Lilly caught a glimpse of herself in the glass of the kitchen window. For a second the pink frock looked like a tutu her mother had made her for a ballet recital. Had she been nine or ten? Her class had been preparing all year for the performance. Lilly’s swan was never as graceful as the other girls’. Her leaps weren’t as high. But she’d worked hard. She wanted to be perfect for her mother. As she pranced onstage with the other girls, Lilly scanned the crowd. Her mother looked beautiful, a proud smile exposing her white teeth. As the other ballerinas relevéd and pirouetted, Lilly knew she couldn’t go through with it. She plopped down center stage, unable to move. It wasn’t stage fright. It was another kind of fright. Being that ballerina would have made her mother too happy. Lilly hadn’t been able to do that simple thing for her. Sitting onstage, she’d felt ashamed, she’d felt cruel, she’d felt powerful.

To this day, Lilly squirmed with guilt when she remembered the performance and how she wouldn’t see her mother’s proud white teeth again for a long time. All Lilly had to do now to make her mother proud was to help her die. Why couldn’t she do it?

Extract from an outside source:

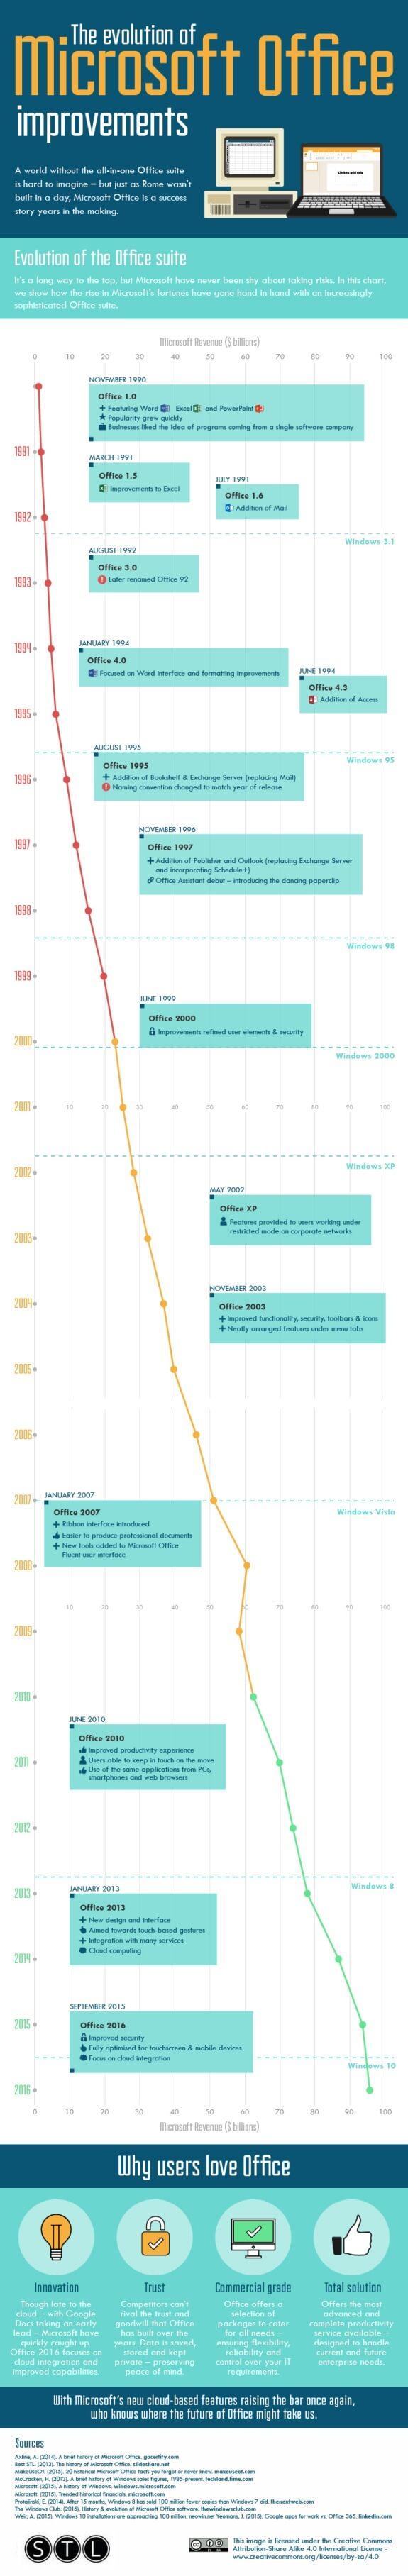 The Evolution of Microsoft Office Improvements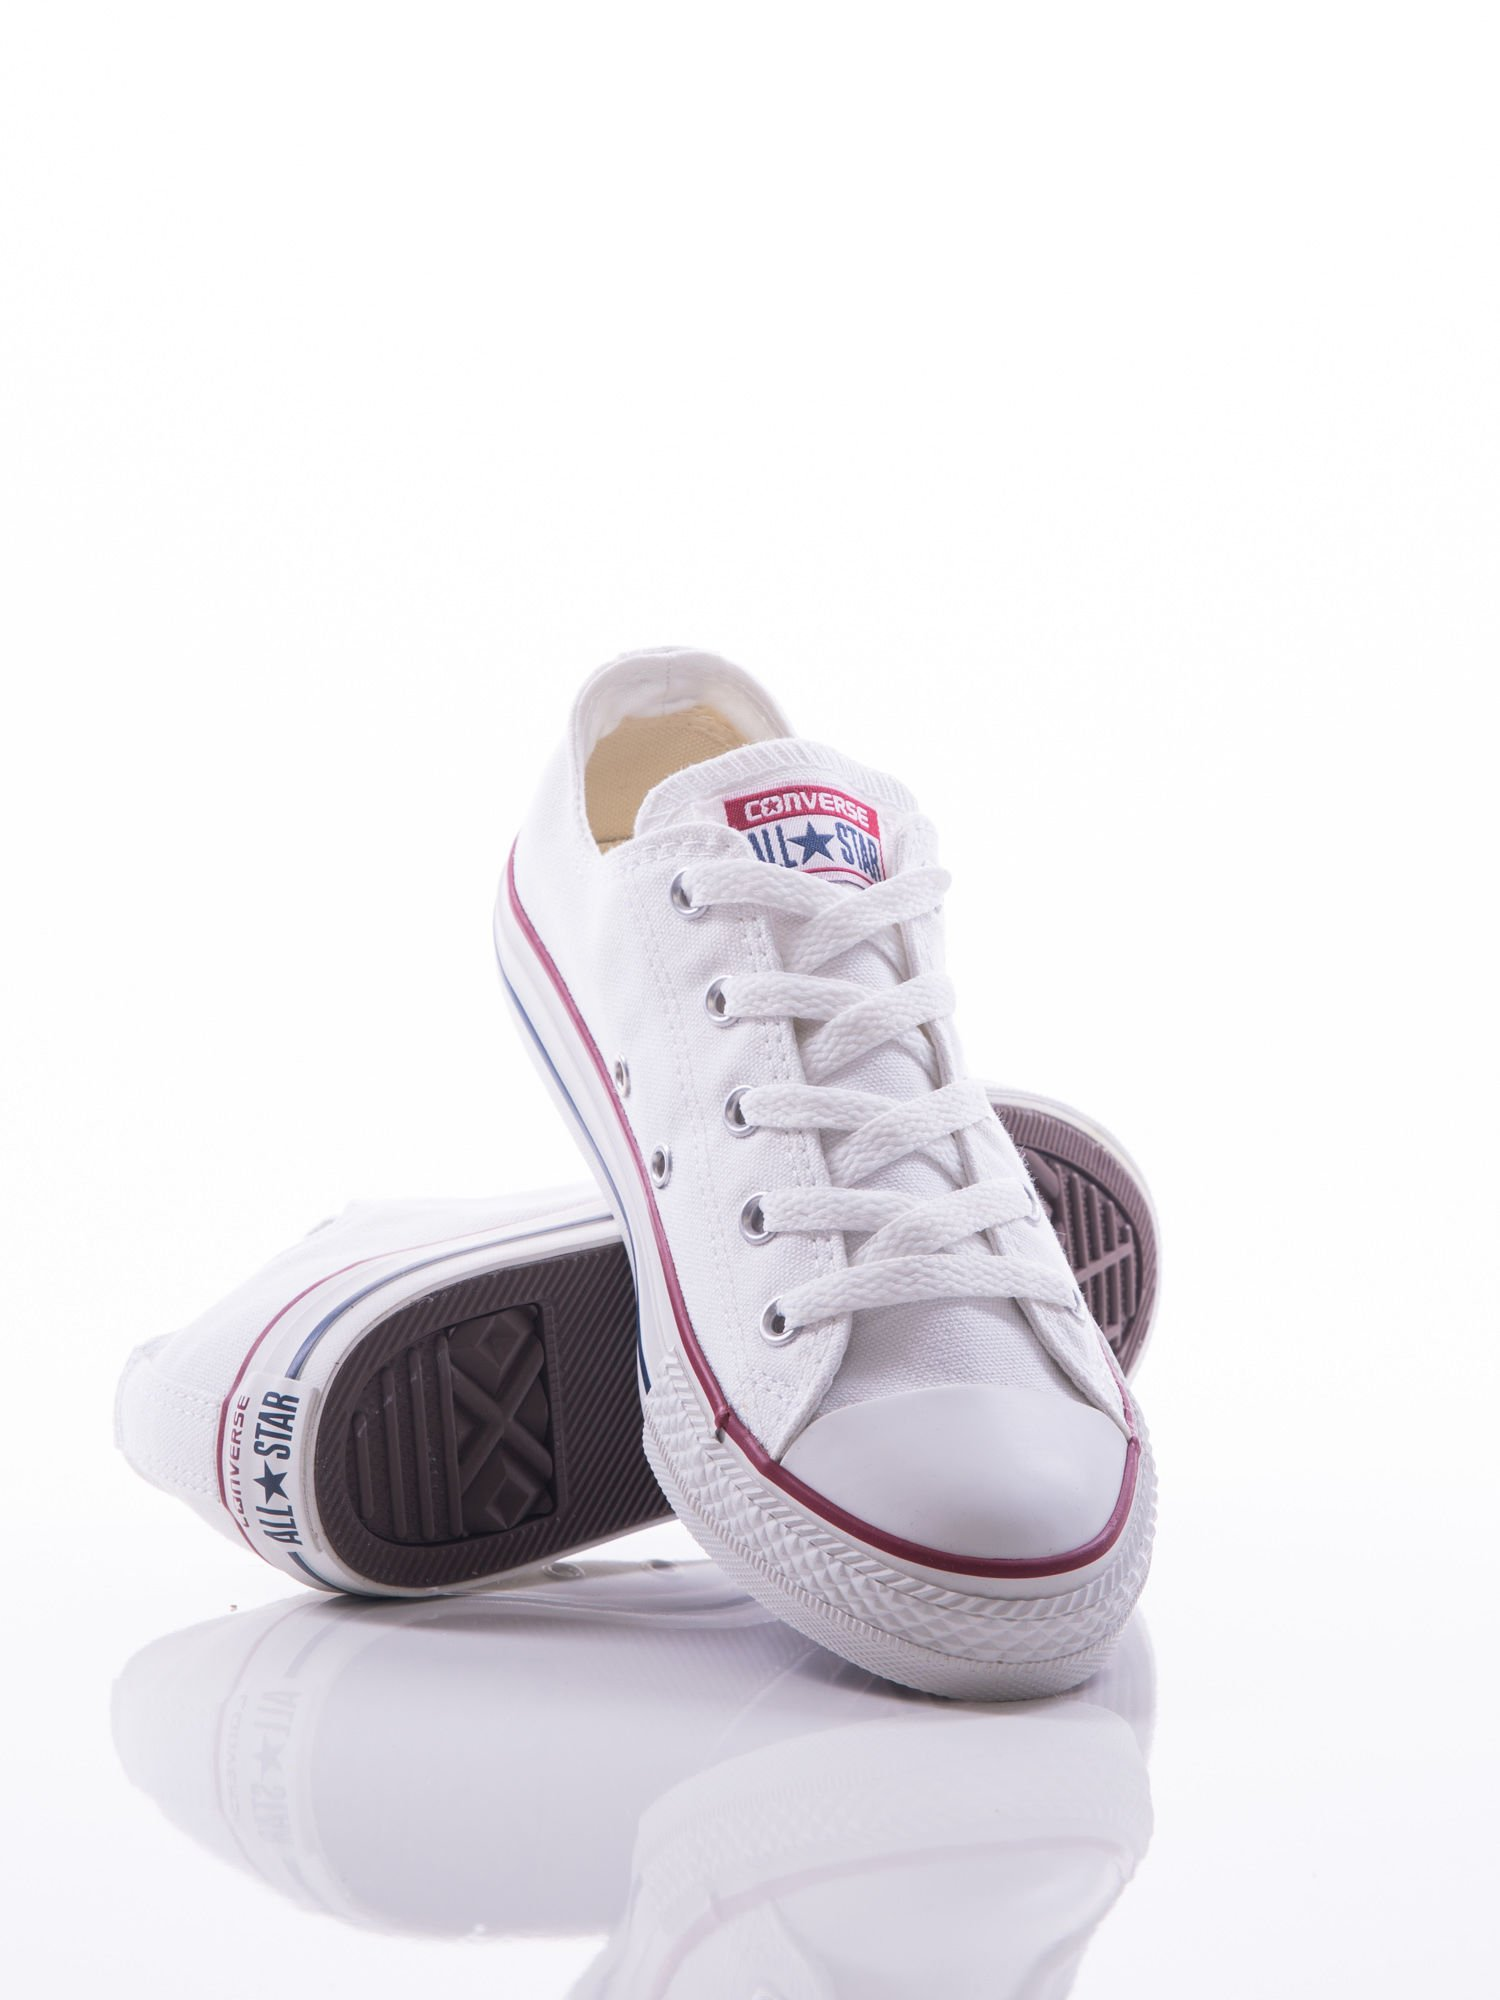 później moda designerska najniższa cena Białe trampki Converse

The goblet was just like the one in her mother’s elaborate exit fantasies. Plastic rubies and emeralds studded the gold chalice. A sticker on the bottom read “Henry VIII Goblet” next to a bar code.

“eBay. $39.95,” her mother said.

Henry lined up two vials and a syringe on a leaded crystal tray. The tray had been a wedding gift Margaret registered them for, even though they thought it was gaudy.

“What’s in these?” Lilly asked, holding the vials of clear liquid up to the light.

“She wouldn’t tell me,” Henry said. “She swears it’s untraceable in the blood.”

Untraceable in the blood. Lilly envisioned an EMT team. Electric paddles she’d seen on television programs. People yelling “Clear!” Accusing looks that said, “How could you?” An autopsy.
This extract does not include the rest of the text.